Scientific Reports | 2016
Yalu Wen; Zihuai He; Ming Li; Qing Lu
With the advance in high-throughput sequencing technology, it is feasible to investigate the role of common and rare variants in disease risk prediction. While the new technology holds great promise to improve disease prediction, the massive amount of data and low frequency of rare variants pose great analytical challenges on risk prediction modeling. In this paper, we develop a forward random field method (FRF) for risk prediction modeling using sequencing data.
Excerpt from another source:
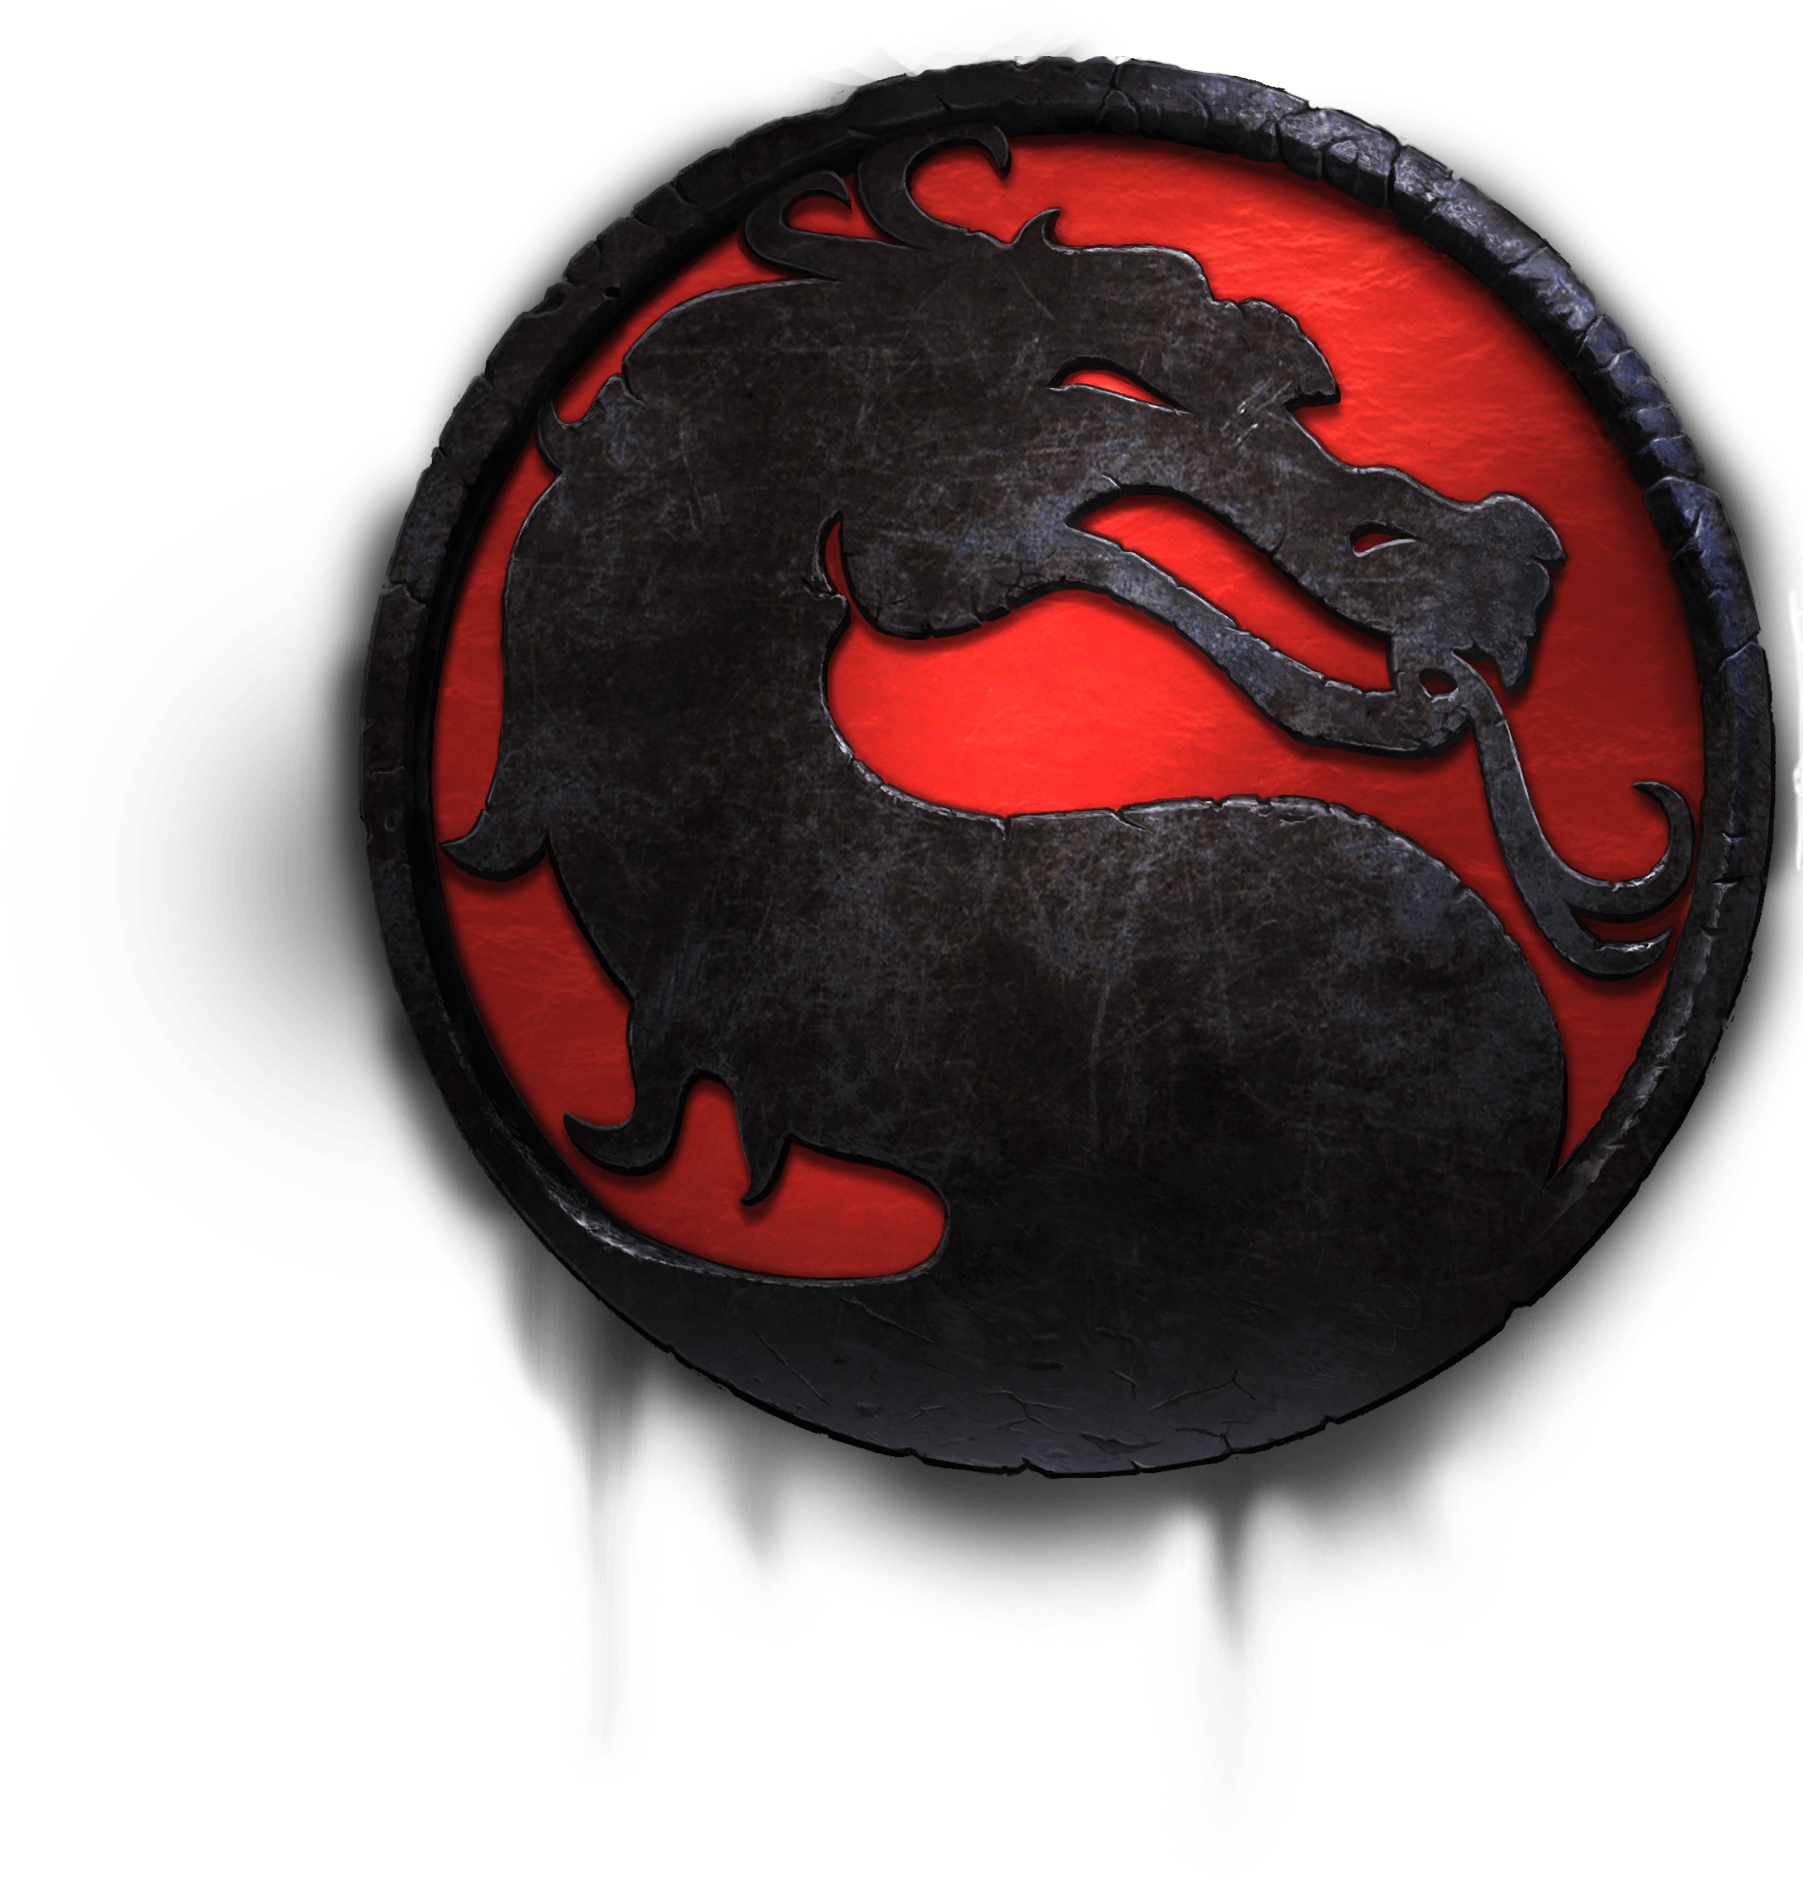 Mortal Kombat видеоигра PNG изображения фон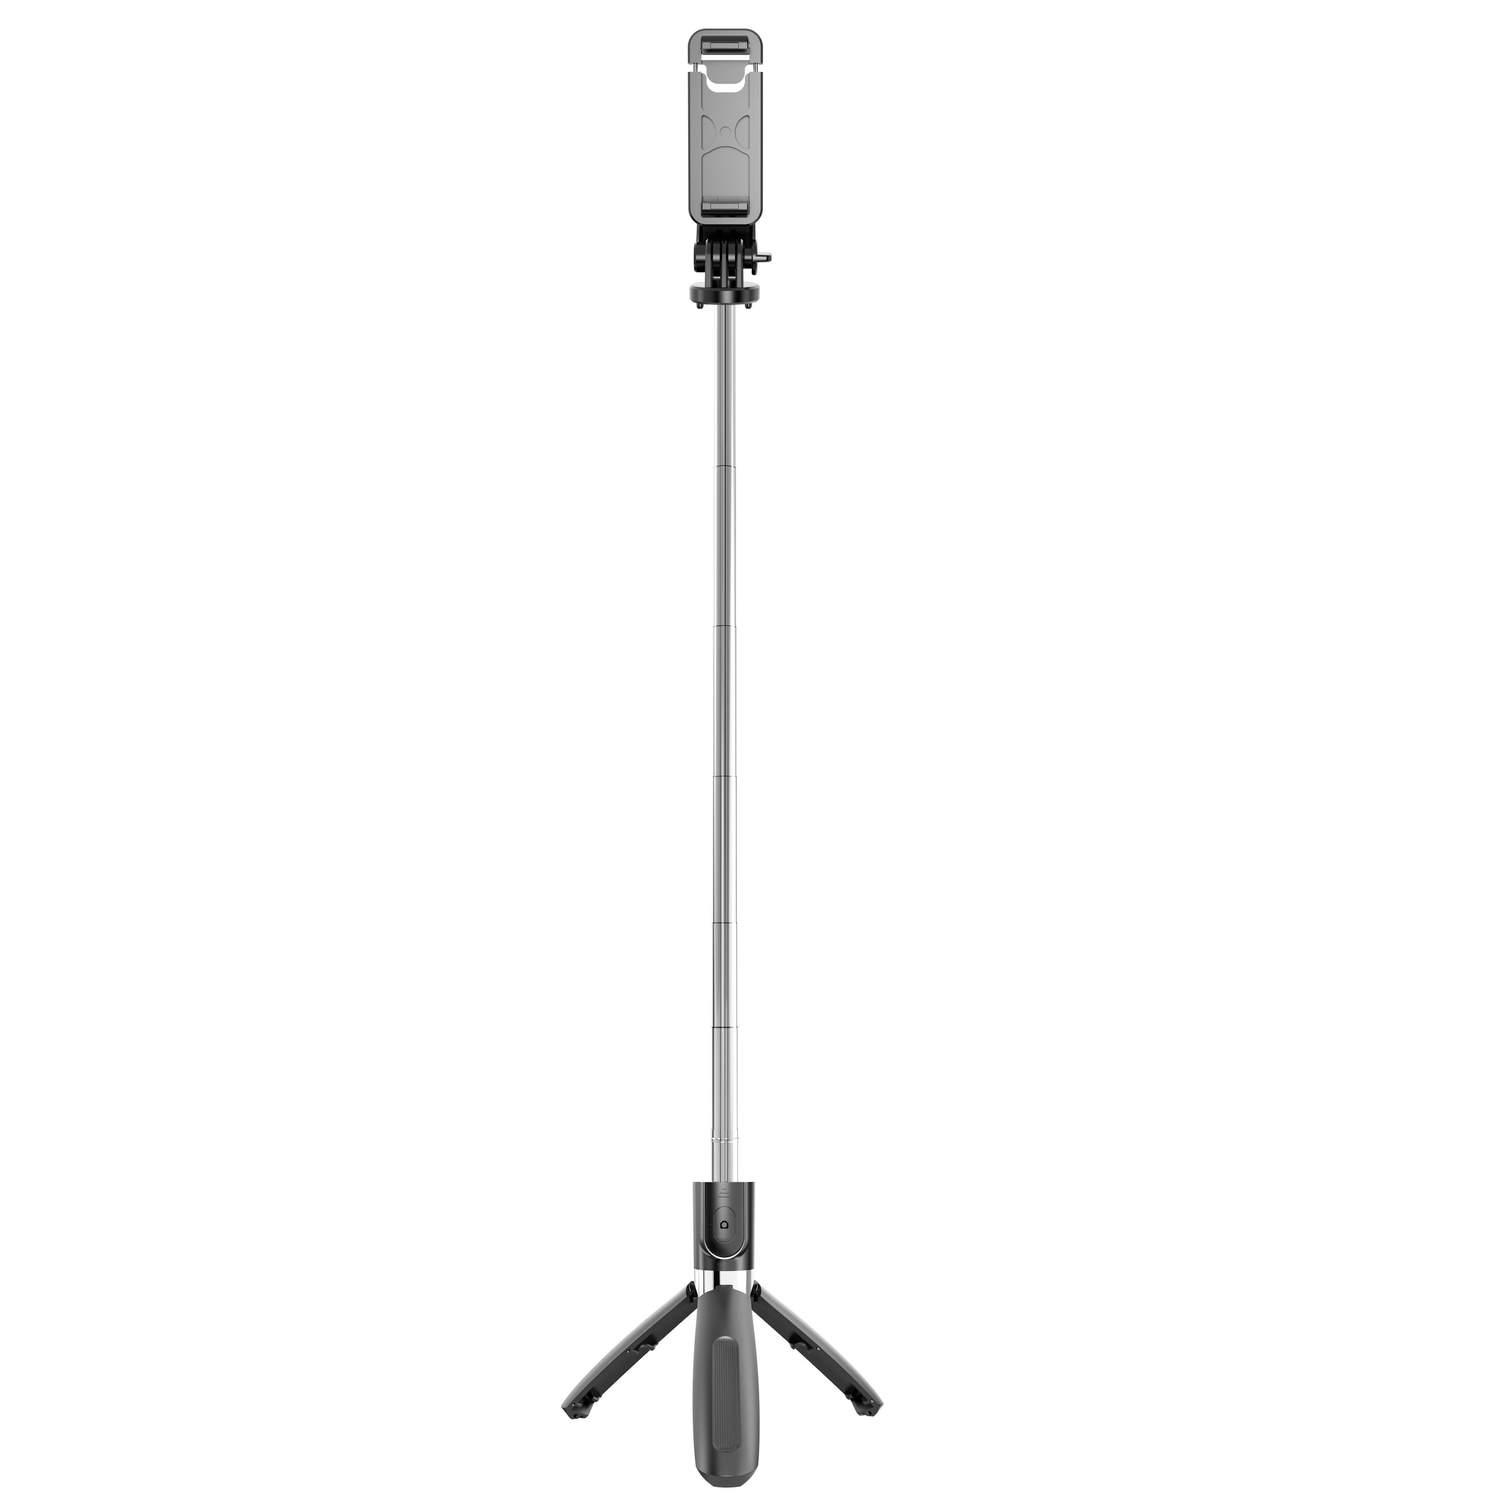 Kamera- mit INF Gopro-kompatibe schwarz Selfie-Stick, Fernbedienung und Selfie-Stick/Handystativ

In FRF, subjects’ phenotypes are treated as stochastic realizations of a random field on a genetic space formed by subjects’ genotypes, and an individual’s phenotype can be predicted by adjacent subjects with similar genotypes. The FRF method allows for multiple similarity measures and candidate genes in the model, and adaptively chooses the optimal similarity measure and disease-associated genes to reflect the underlying disease model. It also avoids the specification of the threshold of rare variants and allows for different directions and magnitudes of genetic effects. Through simulations, we demonstrate the FRF method attains higher or comparable accuracy over commonly used support vector machine based methods under various disease models. We further illustrate the FRF method with an application to the sequencing data obtained from the Dallas Heart Study.